The 12 verses of "Crown Him with Many Crowns"

  • Sep 16, 2009
  • Our church has been focusing on the hymn "Crown Him with Many Crowns" for the month of September. There is some interesting background connected to this hymn, including how there got to be 12 verses.

    The song was originally penned in 1851 by Matthew Bridges (1800-1894), a former Anglican turned Catholic. Bridges wrote six stanzas, based upon Revelations 19:12, “...and on His head were many crowns.”

    Godfrey Thring (1823-1903) was a devout Anglican clergyman who was concerned that this popular hymn was allowing Catholic theology to be sung by protestant congregations. And so he wrote six new verses.

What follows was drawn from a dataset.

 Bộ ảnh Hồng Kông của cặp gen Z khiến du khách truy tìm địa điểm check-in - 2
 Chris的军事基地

    The 12 stanzas have been mixed and matched down through the years. Interestingly, of the six verses most commonly appearing in hymnals today, three were written by Bridges and three by Thring.

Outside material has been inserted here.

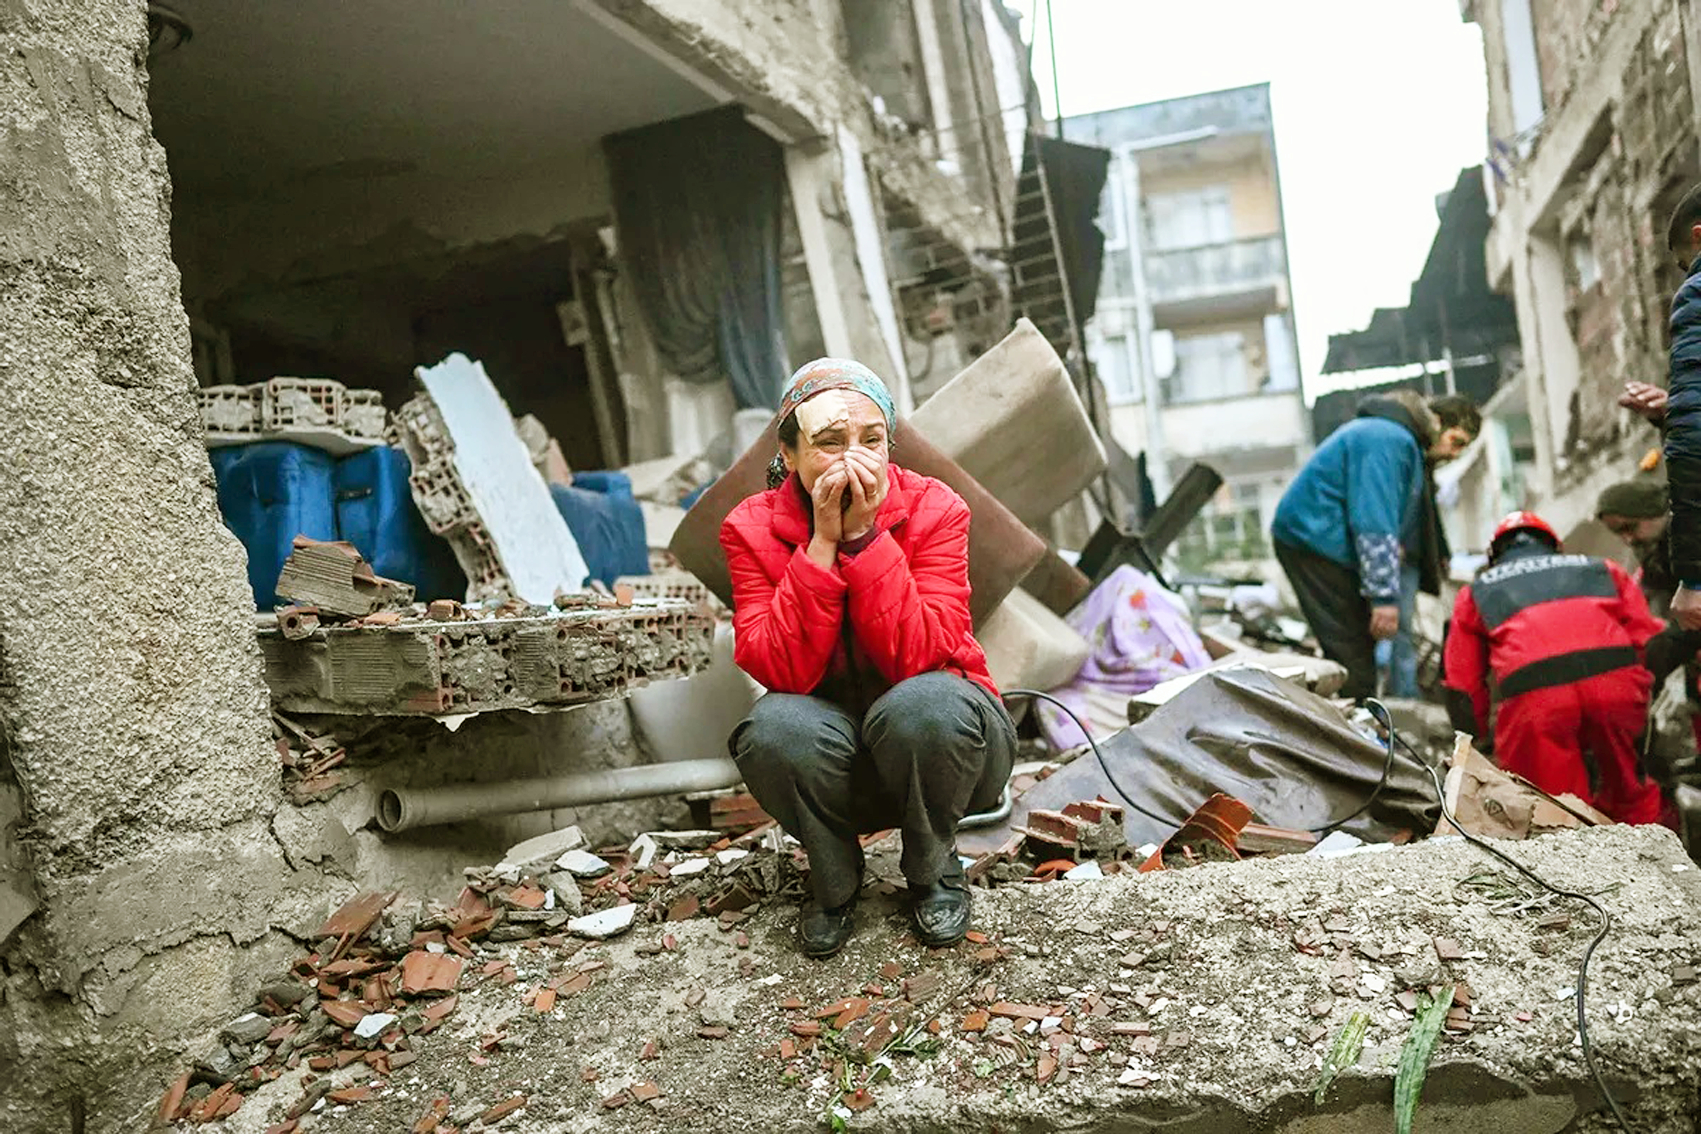 Một phụ nữ sống sót sau trận động đất không kìm được nước mắt trong khi lực lượng cứu hộ nỗ lực tìm kiếm nạn nhân và những người sống sót khác ở Hatay, Thổ Nhĩ Kỳ - ẢNH: AFP

    Crown Him with Many Crowns — Bridges (1851):

    Crown Him with many crowns,
    The Lamb upon His throne;
    Hark! how the heavenly anthems drowns
    All music but its own:
    Awake, my soul, and sing
    Of Him who died for thee,
    And hail Him as thy matchless King
    Through all eternity.

    Crown Him the Virgin’s Son!
    The God Incarnate born,—
    Whose arm those crimson trophies won
    Which now His brow adorn!
    Fruit of the mystic Rose
    As of that Rose the Stem:
    The Root, whence mercy ever flows,—
    The Babe of Bethlehem!

    Crown Him the Lord of peace!
    Whose power a scepter sways,
    From pole to pole,—that wars may cease,
    Absorbed in prayer and praise:
    His reign shall know no end,
    And round His pierced feet
    Fair flowers of paradise extend
    Their fragrance ever sweet.

    Crown Him the Lord of love!
    Behold His hands and side,—
    Rich wounds, yet visible above,
    In beauty glorified:
    No angel in the sky
    Can fully bear that sight,
    But downward bends his burning eye
    At mysteries so bright!

    Crown Him the Lord of years!
    The Potentate of time,—
    Creator of the rolling spheres,
    Ineffably sublime!
    Glassed in a sea of light,
    Where everlasting waves
    Reflect His throne,—the Infinite!
    Who lives,—and loves—and saves.

    Crown Him the Lord of heaven!
    One with the Father known,—
    And the blest Spirit, through Him given
    From yonder triune throne!
    All hail! Redeemer,—Hail!
    For Thou hast died for me;
    Thy praise shall never, never fail
    Throughout eternity!

    Crown Him with Many Crowns — Thring (1874):

    Crown Him with crowns of gold,
    All nations great and small,
    Crown Him, ye martyred saints of old,
    The Lamb once slain for all;
    The Lamb once slain for them
    Who bring their praises now,
    As jewels for the diadem
    That girds His sacred brow.

    Crown Him the Son of God
    Before the worlds began,
    And ye, who tread where He hath trod,
    Crown Him the Son of man;
    Who every grief hath known
    That wrings the human breast,
    And takes and bears them for His own,
    That all in Him may rest.

    Crown Him the Lord of light,
    Who o’er a darkened world
    In robes of glory infinite
    His fiery flag unfurled.
    And bore it raised on high,
    In heaven-in earth-beneath,
    To all the sign of victory
    O’er Satan, sin, and death.

    Crown Him the Lord of life
    Who triumphed o’er the grave,
    And rose victorious in the strife
    For those He came to save;
    His glories now we sing
    Who died, and rose on high.
    Who died, eternal life to bring
    And lives that death may die.

    Crown Him of lords the Lord,
    Who over all doth reign
    Who once on earth, the incarnate Word,
    For ransomed sinners slain,
    Now lives in realms of light,
    Where saints with angels sing
    Their songs before Him day and night,
    Their God, Redeemer, King.

    Crown Him the Lord of heaven,
    Enthroned in worlds above;
    Crown Him the King, to whom is given
    The wondrous name of Love,
    Crown Him with many crowns,
    As thrones before Him fall.
    Crown Him, ye kings, with many crowns,
    For He is King of all.


    Anonymous said...

    Will we get to sing Bridges' second verse at Christmas?!

    Troy Friesen said...

    I definitely see the link to Christmas in this verse but the language is so coded and "mystic", to use one of it's own words, that I think it would be difficult for people to sing with understanding. I keep re-reading it myself and still am not sure I'm understanding all the symbolism and poetic language.

    Anonymous said...

    Hmm, now look at November's Hymn of the Month. Maybe we don't always sing what we fully understand, ?!